Он тут всё в подробностях мне и выложил. Ничего не утаил.
«С чего ж это ты, друг любезный, такие фокусы выкидывал? Или в детстве мать набаловала, а папаша мало ремнём охаживал?»
«Я, говорит, маму помню только мёртвую, как её из больницы на санях привезли. Помню, голова у неё набок свесилась, в глаза снегу насыпало. Мне тогда три года исполнилось. А отец в сорок первом под Ельней погиб. Два старших брата без вести пропали, в том же сорок первом сестру Надю в Велиже фашисты повесили — связной у партизан была»…
Вот ведь какая история, — вздохнул Доронин. — А я, парторг корабля, и не знал ничего.
Боцман долго раскуривал очередную трубку и показался мне в эту минуту куда старше своих тридцати лет.
— Остался Алексей один-одинёшенек, круглым сиротой, в селе Загорье, захваченном германцами. Поначалу жил из милости у разных людей, потом, в конце сорок первого года, его взял к себе местный, загорьевский учитель Павел Фёдорович Дубравин. Тут вскоре гитлеровцы назначили Дубравина сельским старостой. С того дня для Алексея началась не жизнь — горе. Сами посудите: вся семья, вся родня на войне за Родину погибла, а названый отец — предатель.
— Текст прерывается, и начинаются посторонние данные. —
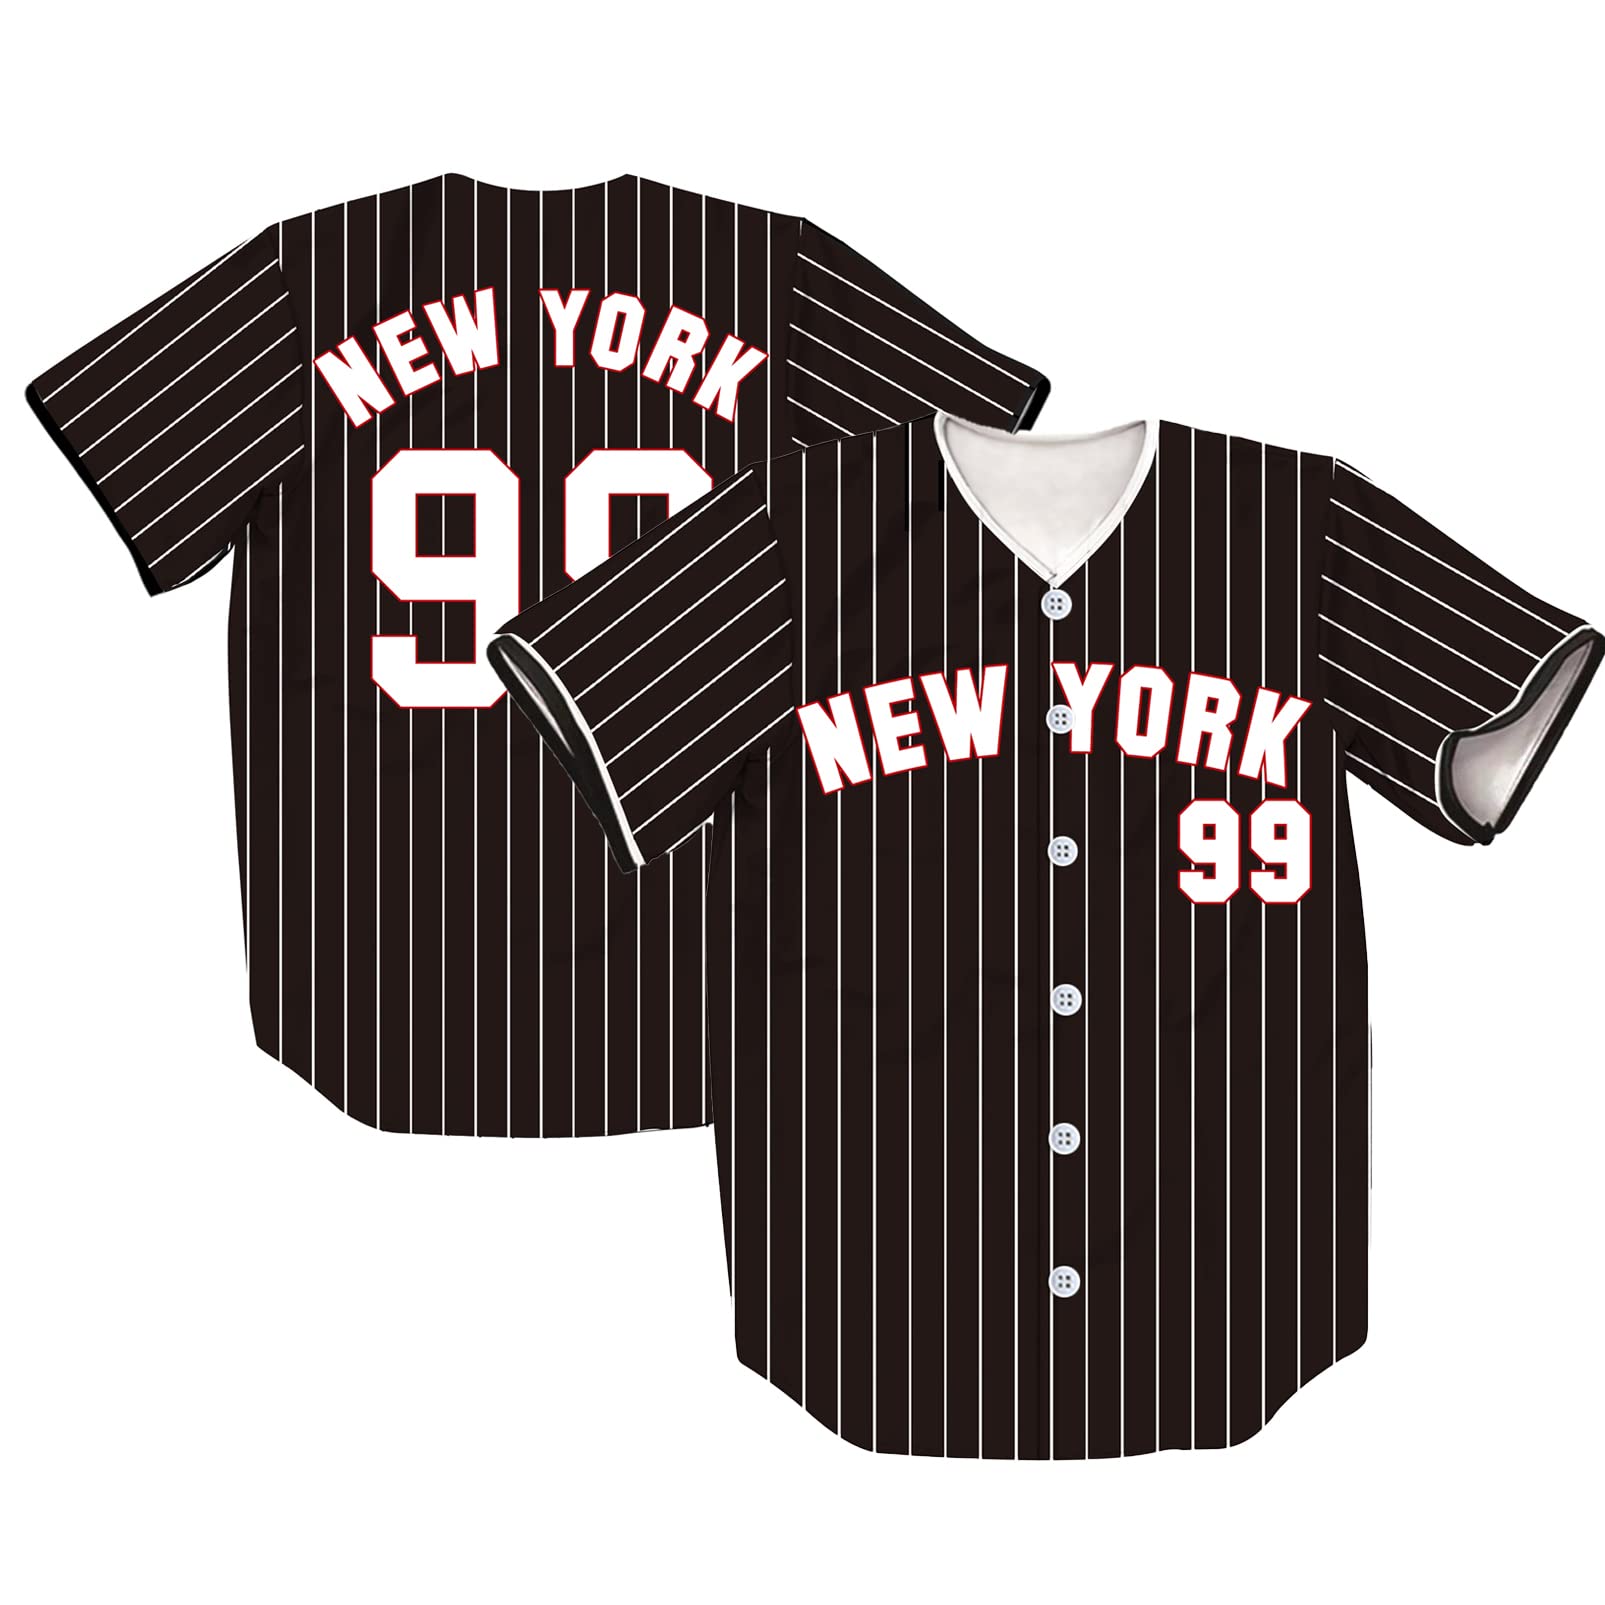  New York 99 Baseball Jerseys, Men and Women NY

Надумал Алёша убежать из дому, да куда убежишь— зима, в округе чуть ли не все деревни спалены. Мальчишки дразнят «вражий выкормыш». А учитель тот — человек ласковый, добрый. Как же понять, почему он к фашистам в старосты пошёл? Много перестрадать, передумать Алёшке тогда пришлось.
Весной сорок третьего года неизвестные люди избили старосту ночью дрекольем. Слёг Дубравин.
Приезжали гестаповцы, спрашивали: «Что с вами, герр староста?» — «В погреб, говорит, по нечаянности свалился…»
Так и не поднялся с постели учитель. Старостой фашисты другого человека поставили. А дня за два до того, как наши освободили Смоленщину, Дубравин умер. Остались Алексей с Дуняшей, девятилетней дочкой учителя, сиротами. В Загорье к тому времени, дай бог, пятнадцать изб из ста уцелели, одни трубы да головешки кругом. И народу раз-два, и обчёлся.
Нищь и голь…
Алексея с Дуней и других сирот определили в ярцевский детдом. Кто тогда в детдомах воспитывался? Известно, те, у кого родители на войне погибли или фашистами убиты. Алёшка же с названой сестрой — дети предателя. И невиновные они н'и в чём, а глядят на них искоса, дружбу с ними никто не водит.
Только год спустя стало в детдоме известно, что Дубравин вовсе не предатель, а герой: он выполнял задания подпольного райкома партии, хотя и был беспартийным. Партизанам помогал. Никто лишний о том и не знал.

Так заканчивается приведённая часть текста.